The villagers, feeling robbed of any vengeance, attack Bruno's father, Professor Jules Heitz. The police department's officers warn Jules to leave Vandorf, but he refuses to go until Bruno's name is cleared. Jules knows that a conspiracy of silence has been set up and that the villagers do not believe the true cause. He believes that the murders are the result of something inhuman from Ancient Mythology. Its spirit haunts Castle Borski; the Gorgon Megaera, is a creature whose face can turn human skin to stone.

Jules contacts his friend Professor Meister of Leipzig University, who is also his son Paul's tutor. Paul leaves to see Jules. That night, Jules is drawn to Borski Castle by a calling sound. There, he sees Megaera's face. He staggers back to the millhouse, and, whilst turning to stone, outlines a letter to Paul mentioning Megaera. Paul arrives and learns of Jules's death. Namaroff's assistant Carla Hoffman visits him at the millhouse and secretly reads Jules's letter. She later recites what she can remember of it to Namaroff. Warden Ratoff then reports that Martha, a violent inmate, has escaped the Institution. Namaroff reveals to Carla that Megaera's spirit exists and occasionally takes over the body of a human being.

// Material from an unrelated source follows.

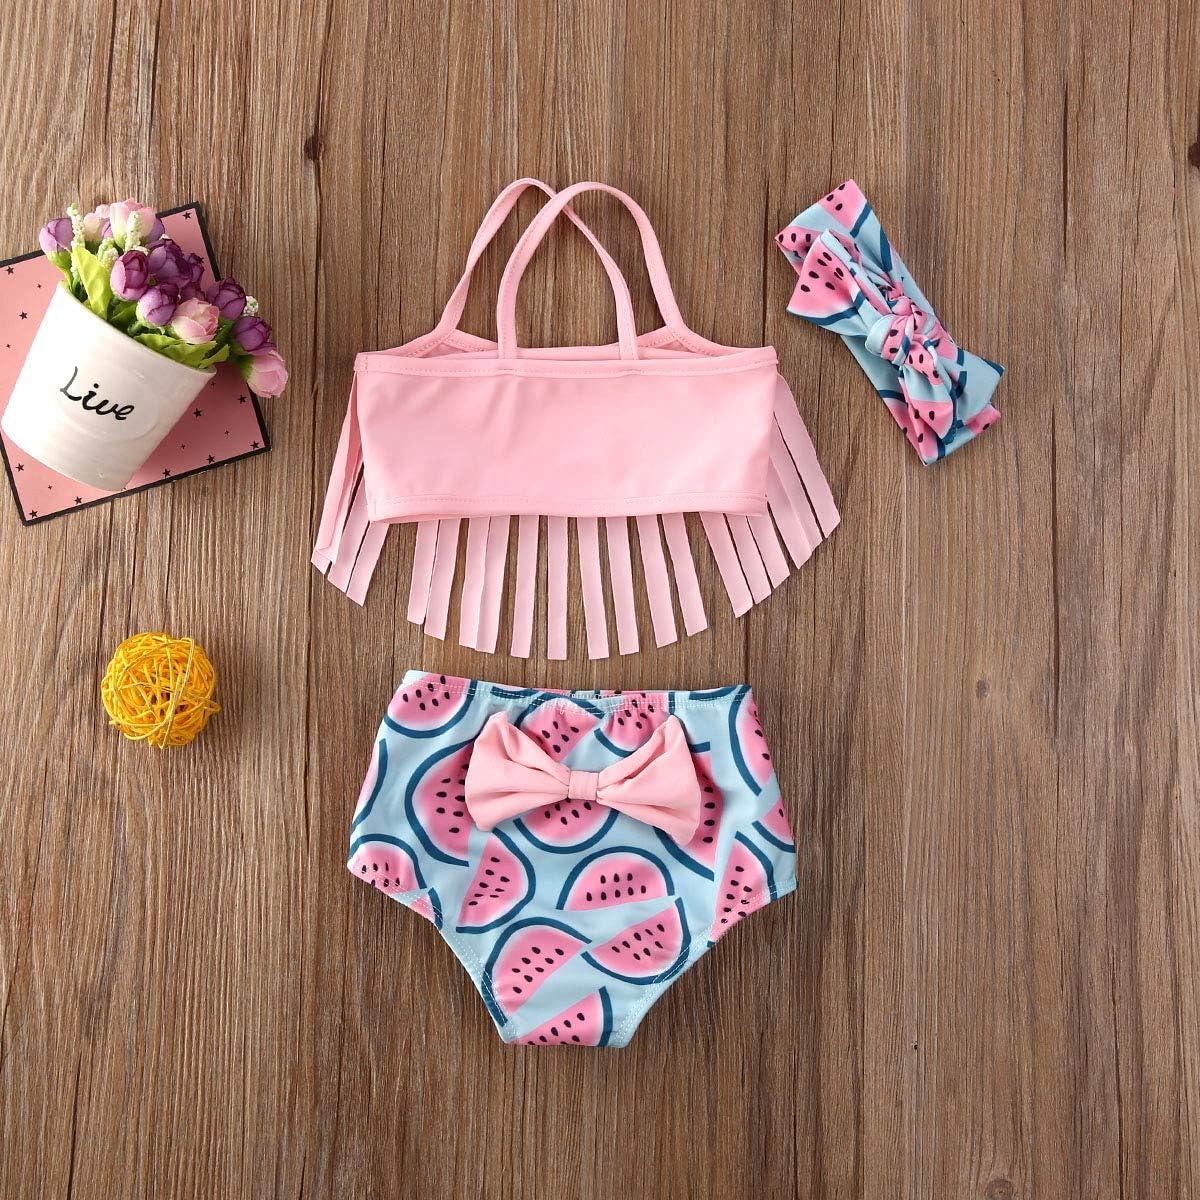 3PCS Toddler Baby Girl Bikini Set Tassel Top Pineapple//Watermelon Printed High Waist Bottoms Swimwear Bathing Suit

That night, Paul is drawn outside the millhouse by a sound and glimpses upon Megaera's reflection in the garden pool. He wakes five days later in the Institution, aged by ten years. To destroy Megaera, Paul returns to the millhouse. Namaroff has Carla followed by Ratoff. That night, there is a full moon. Under it, Paul visits the graveyard and exhumes Jules's body and discovers that it is solid stone. Carla silently watches him. She eventually confides to Paul that Namaroff is in love with her and that she is terrified of him. Paul promises to take her away with him when Megaera is dead. But Carla fears it will be too late by then.

Meister arrives at the millhouse to see Paul. Meanwhile, Martha dies soon after being recaptured by Ratoff. Meister and Paul visit Inspector Kanof. They force him to reveal that Carla arrived in Vandorf as an amnesiac prior to the first murder.

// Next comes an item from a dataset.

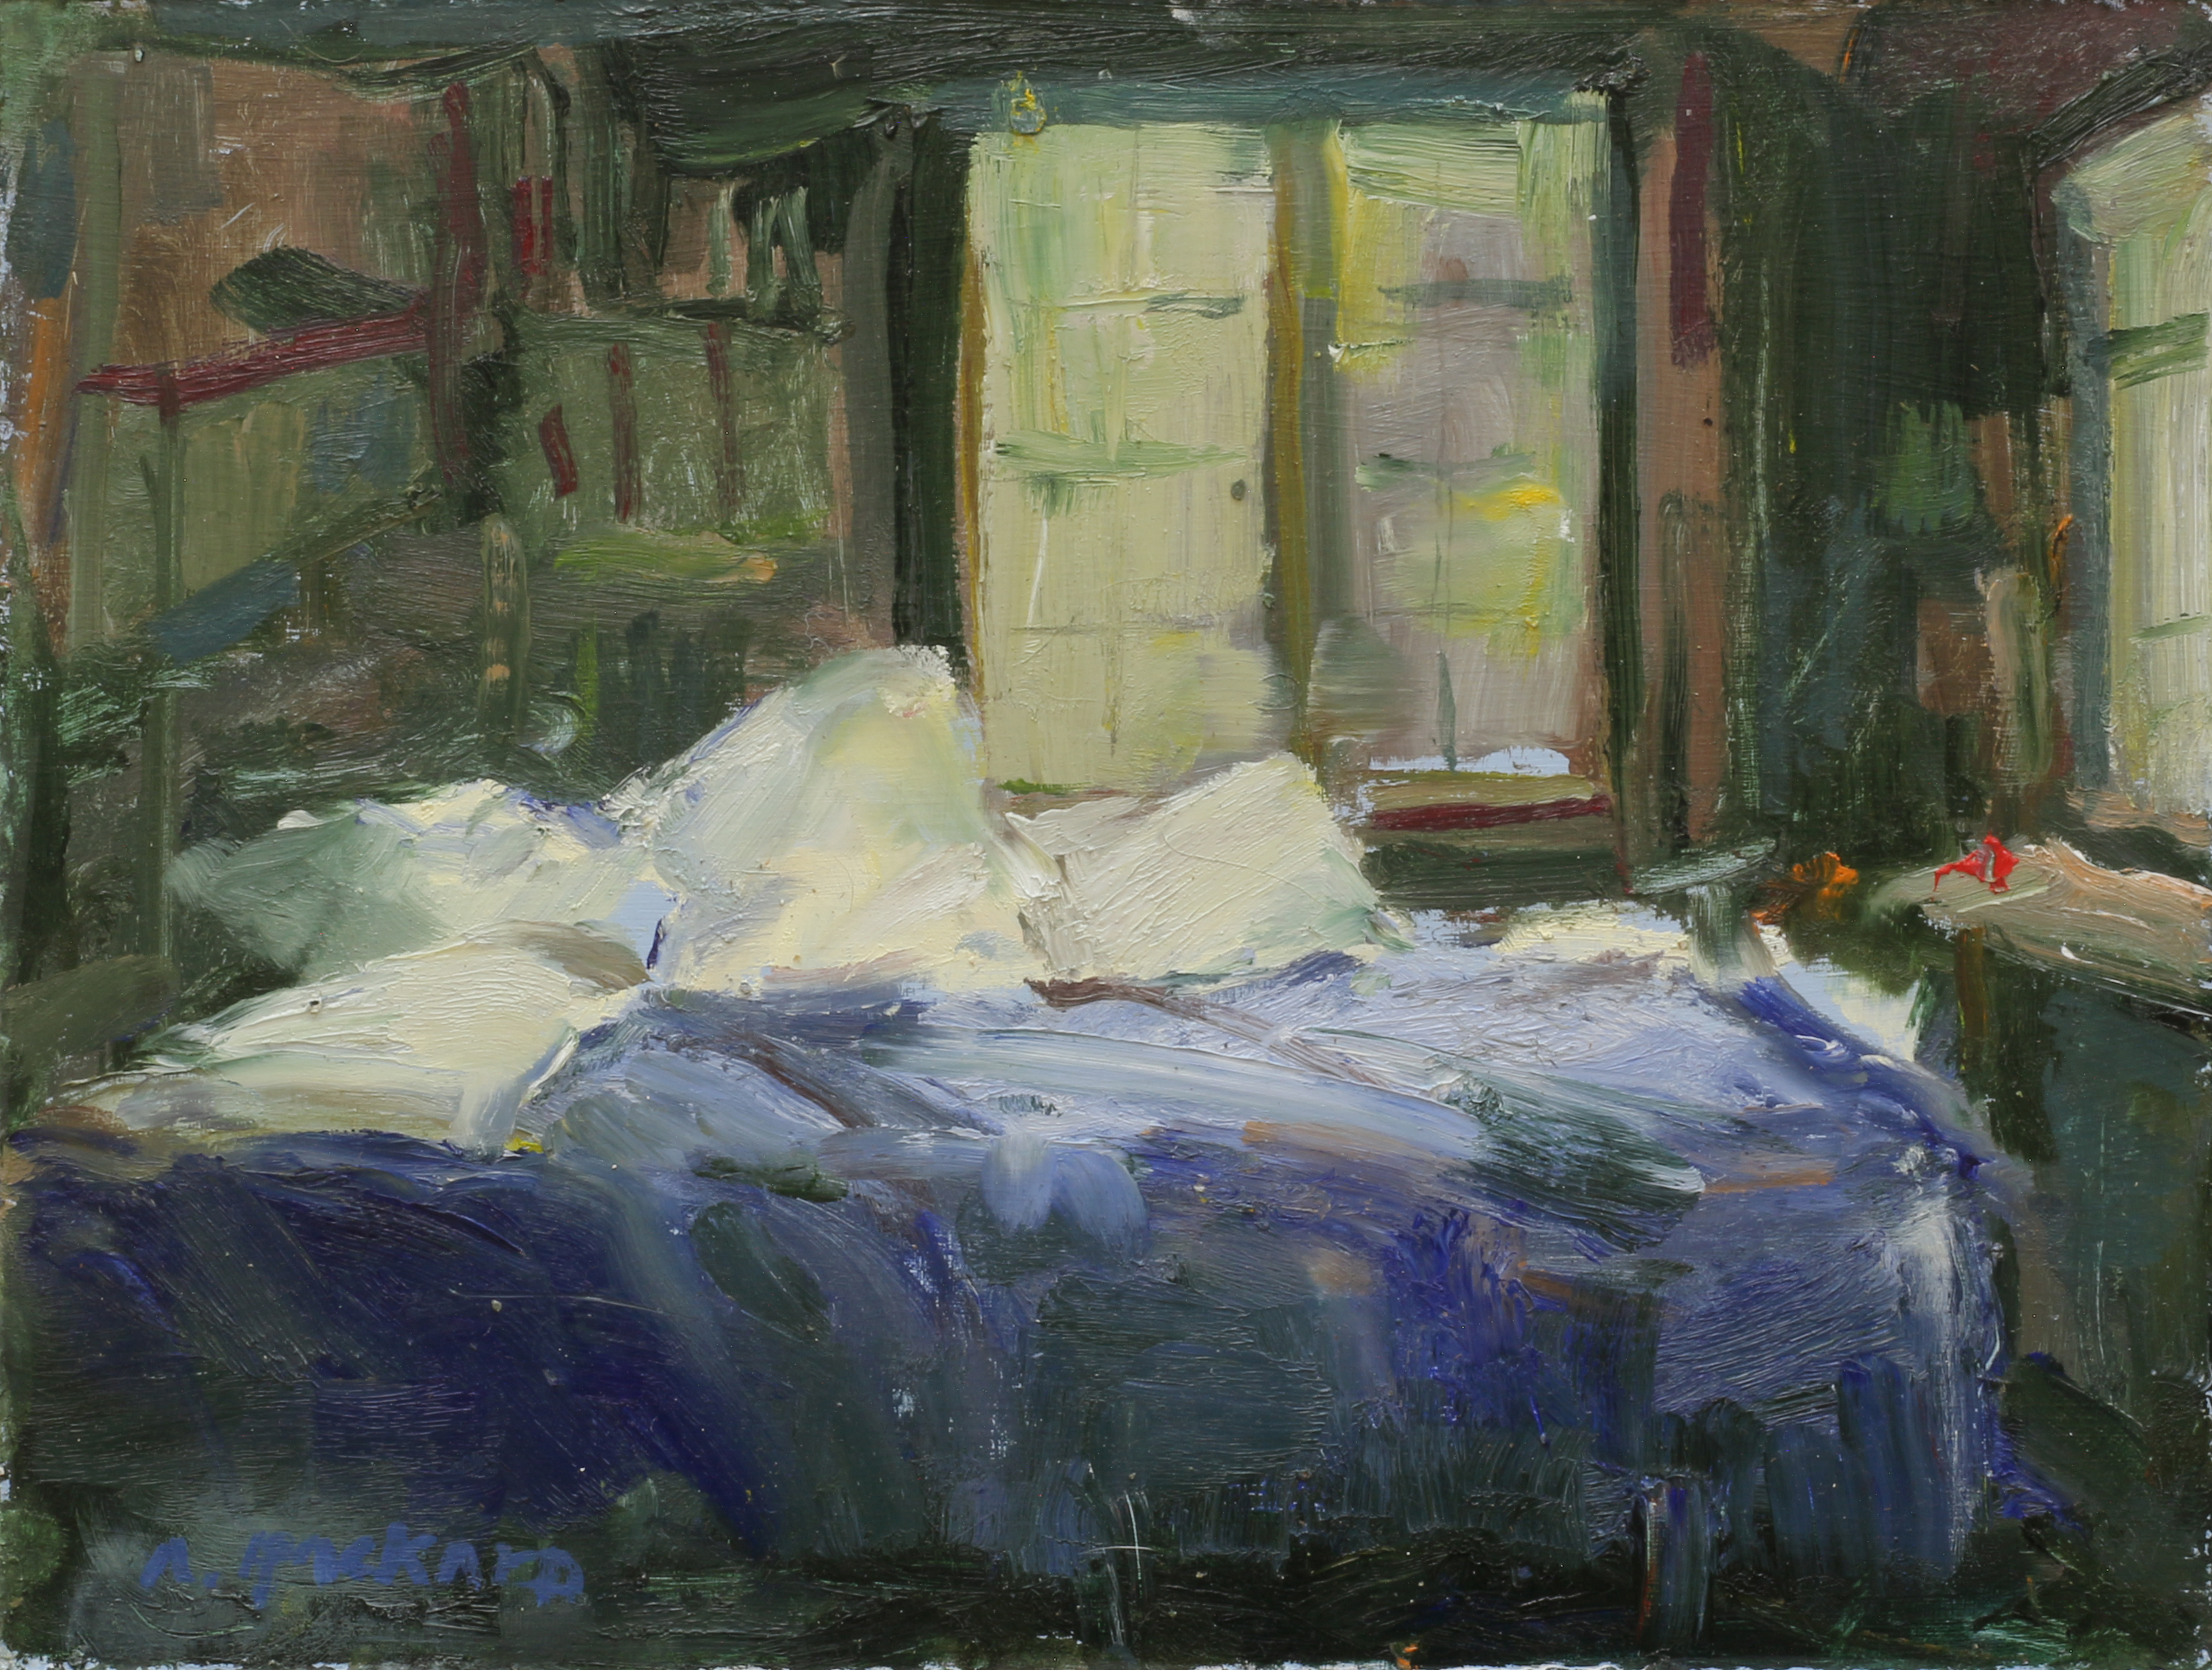 Anne Packard - Blue Mood

Meeting in secret at Castle Borski the next morning, Carla tells Paul that she will go away with him to safety, but it must be right now. He refuses and she runs off. Paul runs after her and is attacked by a waiting Ratoff, whom Meister scares off. Meister believes that Carla becomes an amnesiac during the full moon. It is during that period that Megaera's spirit enters her body. Paul agrees with Carla that she must leave immediately and that he will follow later when the mystery is solved. Later that day, Paul cables Leipzig where Carla is supposed to have arrived by train, but there is no sign of her.

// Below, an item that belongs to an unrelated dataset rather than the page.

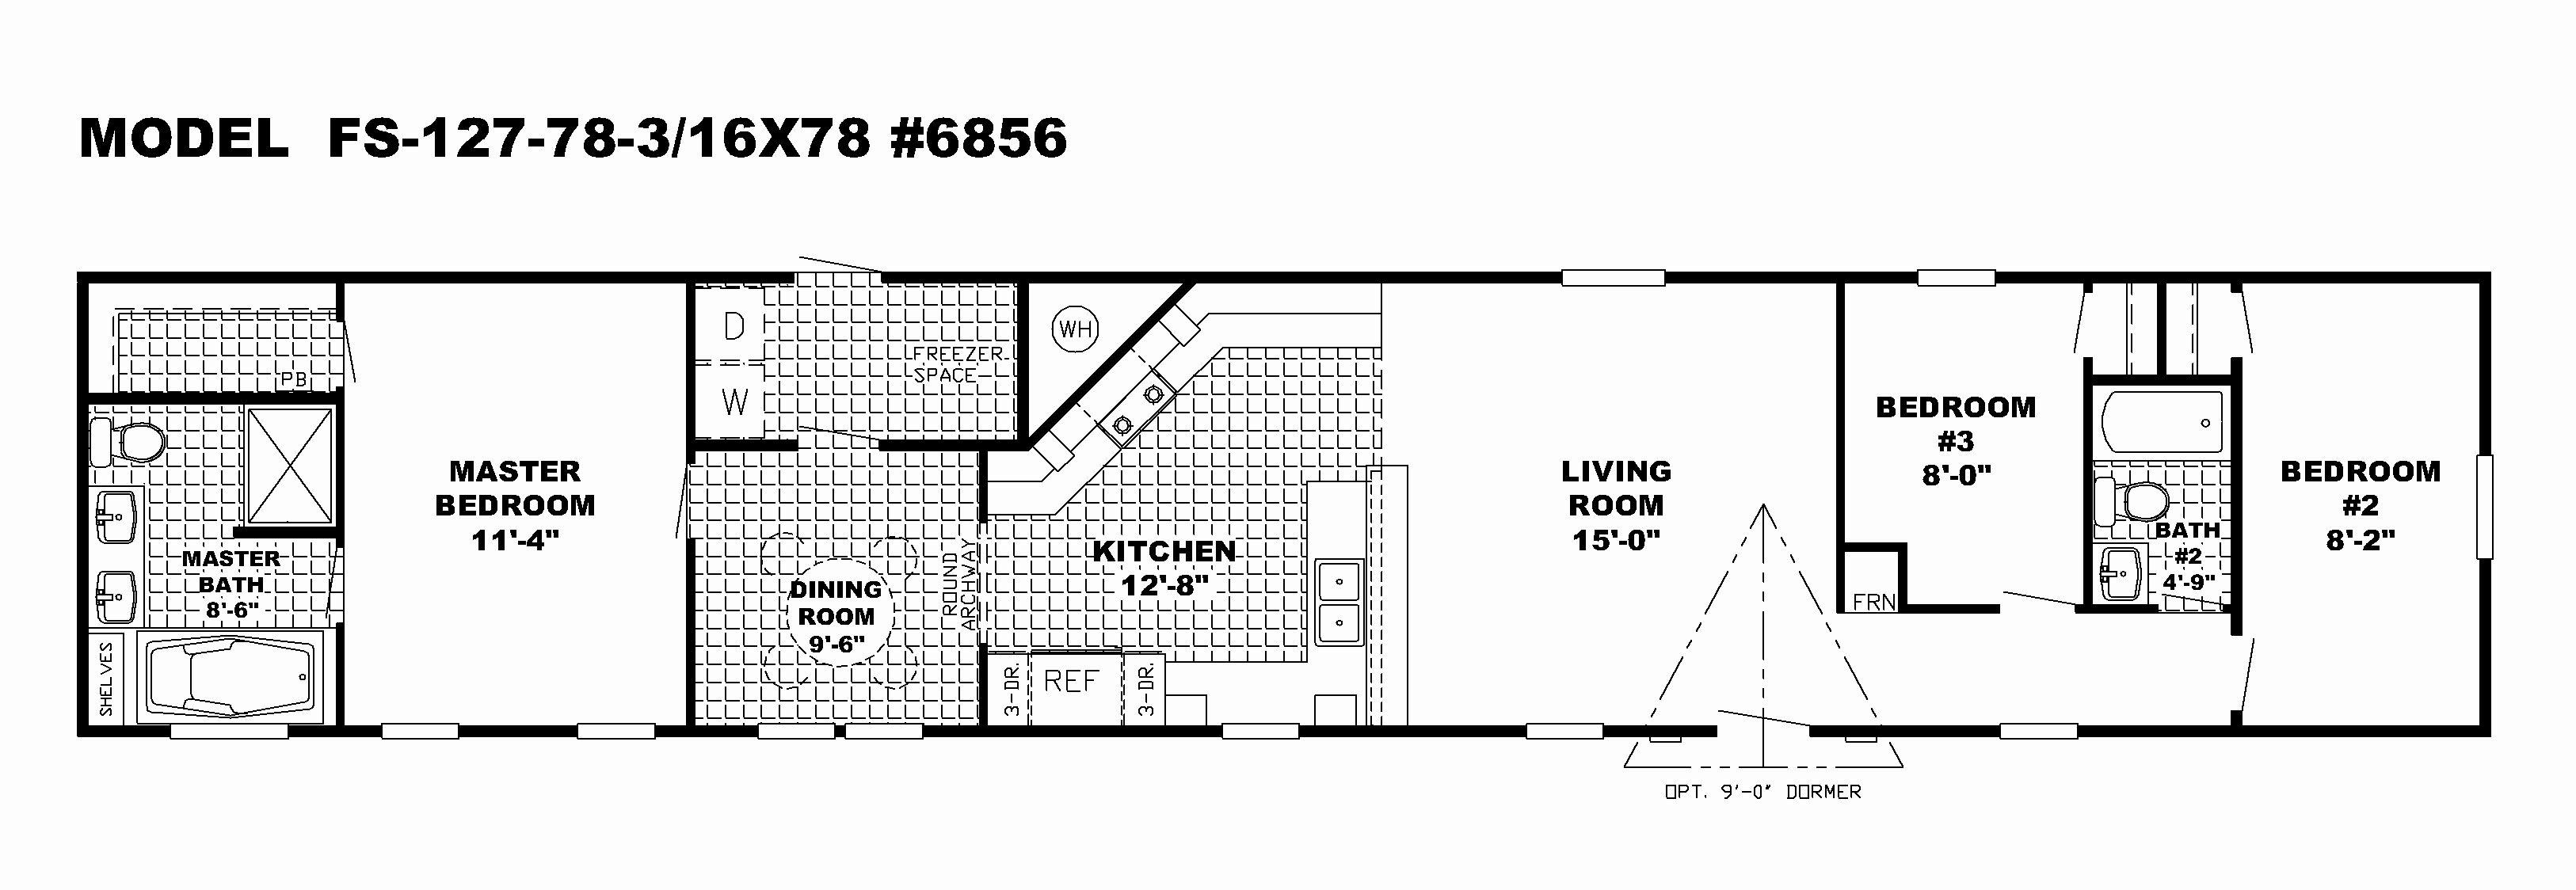 50 Luxury 14x40 Cabin Floor Plans - Home Plans Samples ...

That night he goes to Castle Borski as a full moon is rising. There amidst the Castle ruins, Namaroff awaits with a sword for Carla's arrival. He attacks Paul, and they fight while Megaera appears. Namaroff tries to behead Megaera, but looks upon her face and is turned to stone. Using Namaroff's sword, Meister beheads Megaera – but it is too late to save Paul, who has seen Megaera's face. Slowly turning to stone, Paul looks upon Megaera's severed head as her features change to that of Carla.

==Cast==

- Christopher Lee as Professor Karl Meister
- Peter Cushing as Dr. Namaroff
- Richard Pasco as Paul Heitz
- Barbara Shelley as Carla Hoffman
- Michael Goodliffe as Professor Jules Heitz
- Jack Watson as Ratoff
- Patrick Troughton as Inspector Kanof
- Prudence Hyman as Megaera the Gorgon
- Joyce Hemson as Martha
- Toni Gilpin as Sascha Cass
- Jeremy Longhurst as Bruno Heitz
- Joseph O'Conor as the coroner
- Alister Williamson as Janus Cass
- Michael Peake as the constable
- Redmond Phillips as Hans

==Production==
The Gorgon was based on a story submitted to Hammer by their Canadian fan J. Llewellyn Divine. Director John Gilling and producer Anthony Nelson Keys expanded on Divine's outline, developing it into a screenplay. For the role of the monster, former ballerina Prudence Hyman was recruited because the monster was supposed to float gracefully like a wraith. Filming occurred at Bray Studios in Berkshire.

==Release==
The Gorgon was distributed in the United Kingdom by Columbia Pictures/BLC Films on 18 October 1964, where it was supported by The Curse of the Mummy's Tomb. It was released in the United States by Columbia Pictures on 17 February 1965, where it was also supported by The Curse of the Mummy's Tomb.

== Reception ==
Variety wrote: "Though written and directed on a leisurely note, The Gorgon is a well-made, direct yarn that mainly gets its thrills through atmosphere. The period storyline is simple and predictable, but John Gilling has turned out a well-rounded piece and Terence Fisher's direction is restrained enough to avoid any unintentional yocks."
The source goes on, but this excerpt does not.